Recent initiatives aimed at improving curriculum have included the scheduling of literary nights geared toward elementary and middle school parents, and instruction toward open-response questions, according to officials. According to Sherman, there is also a goal of creating libraries within classrooms at the lower grades.
Some of the initiatives are being funded outside of the budget. The Milton Foundation for Education, a fund-raising organization, has helped buy books for elementary and middle school classrooms. Thanks to the MFE, all high school classrooms also have SMART Board instruction devices.
In addition, the East Milton Branch Library, which recently shut its doors, has donated books to the growing volume of in-class reading titles, according to Sherman.
Nephew spoke of the value of teachers and parents encouraging reading for pleasure among children, as well as the need for “silent, sustained reading” during class.
She said those methods have proven to show results in the type of figurative and open-ended material with which young students often struggle.

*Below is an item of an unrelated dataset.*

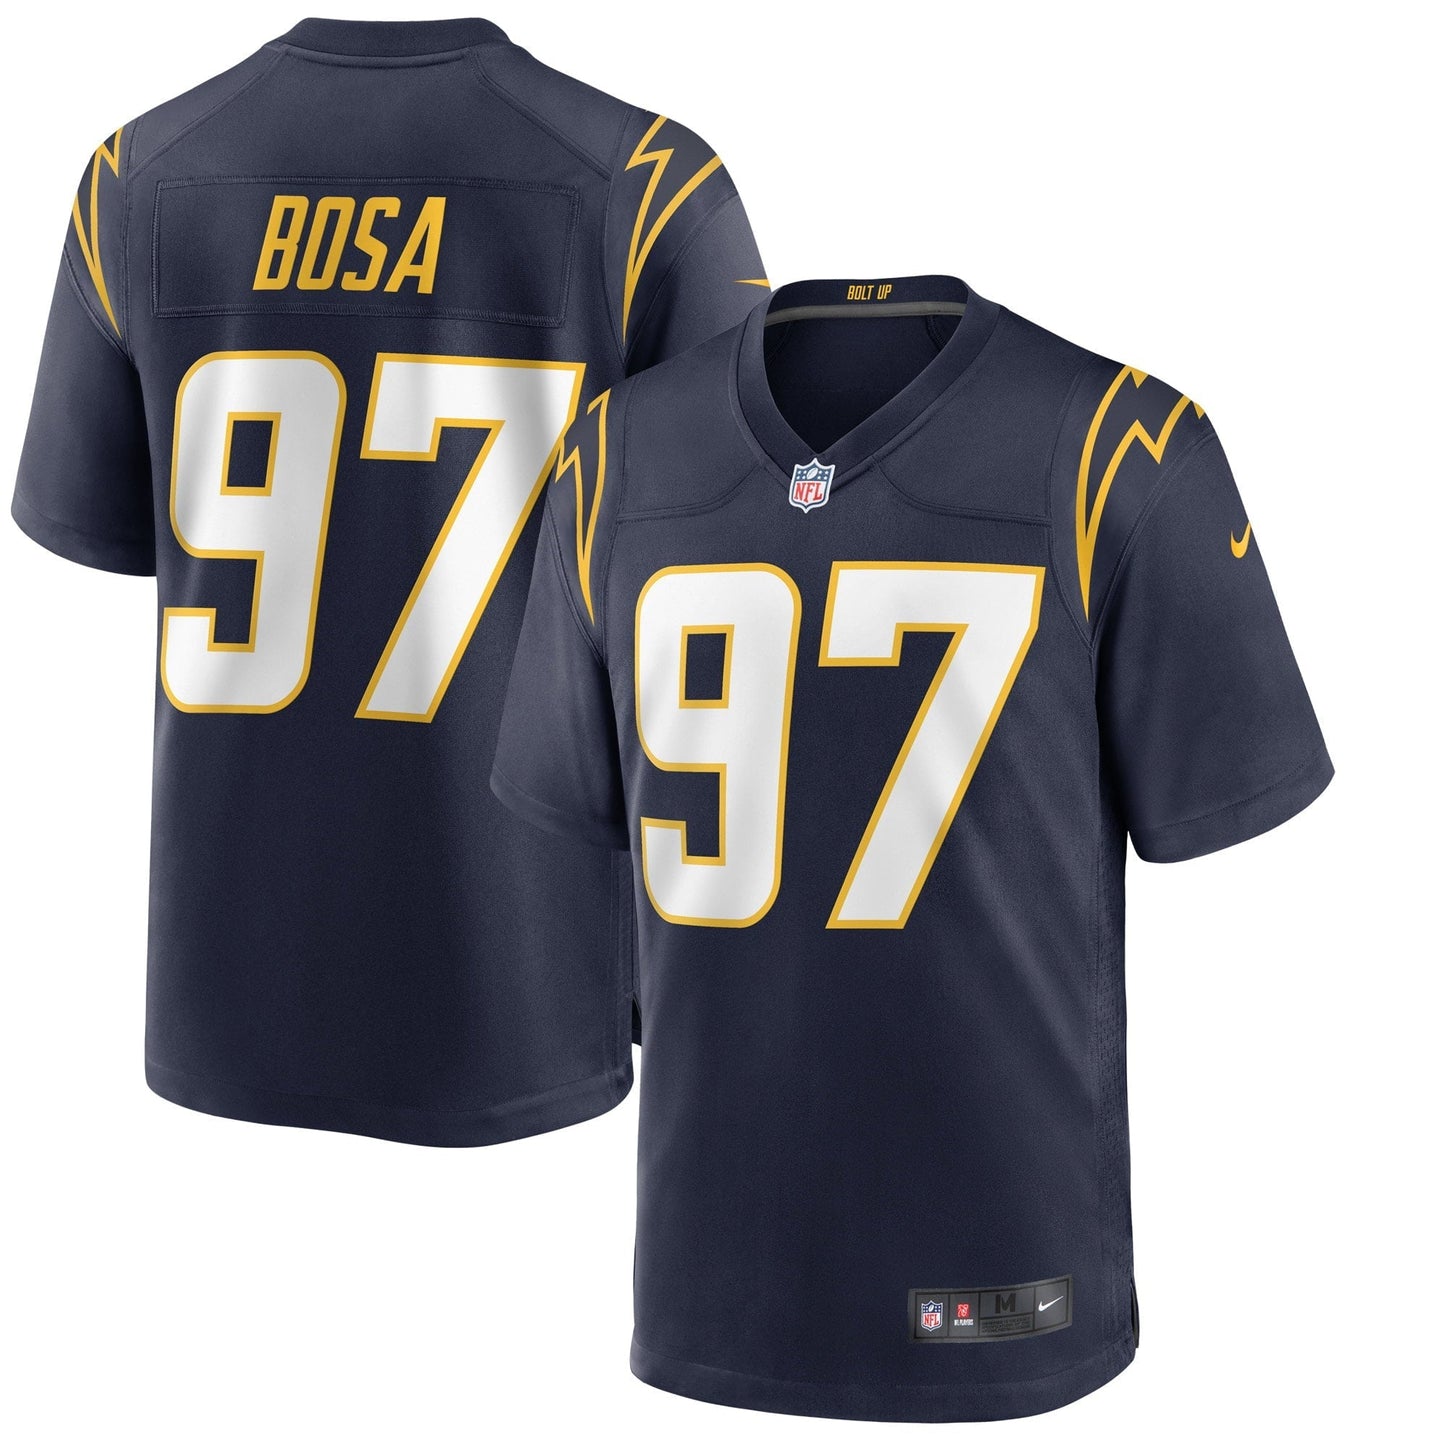 Men's Nike Joey Bosa Navy Los Angeles Chargers Alternate Game Jersey

“Having that part of the curriculum is crucial,” Nephew said.
With the English review team completing its work, Phelan said the school administration will review the document internally and decide the next step forward. Phelan said administrators meet monthly with principals.
“We will meet with [School Superintendent] Mary Gormley and the rest of the team and start to prioritize the things teachers are saying they want to see,” Phelan said. “We’ll see how much of it we can bite off this year and what part of it is more long term.”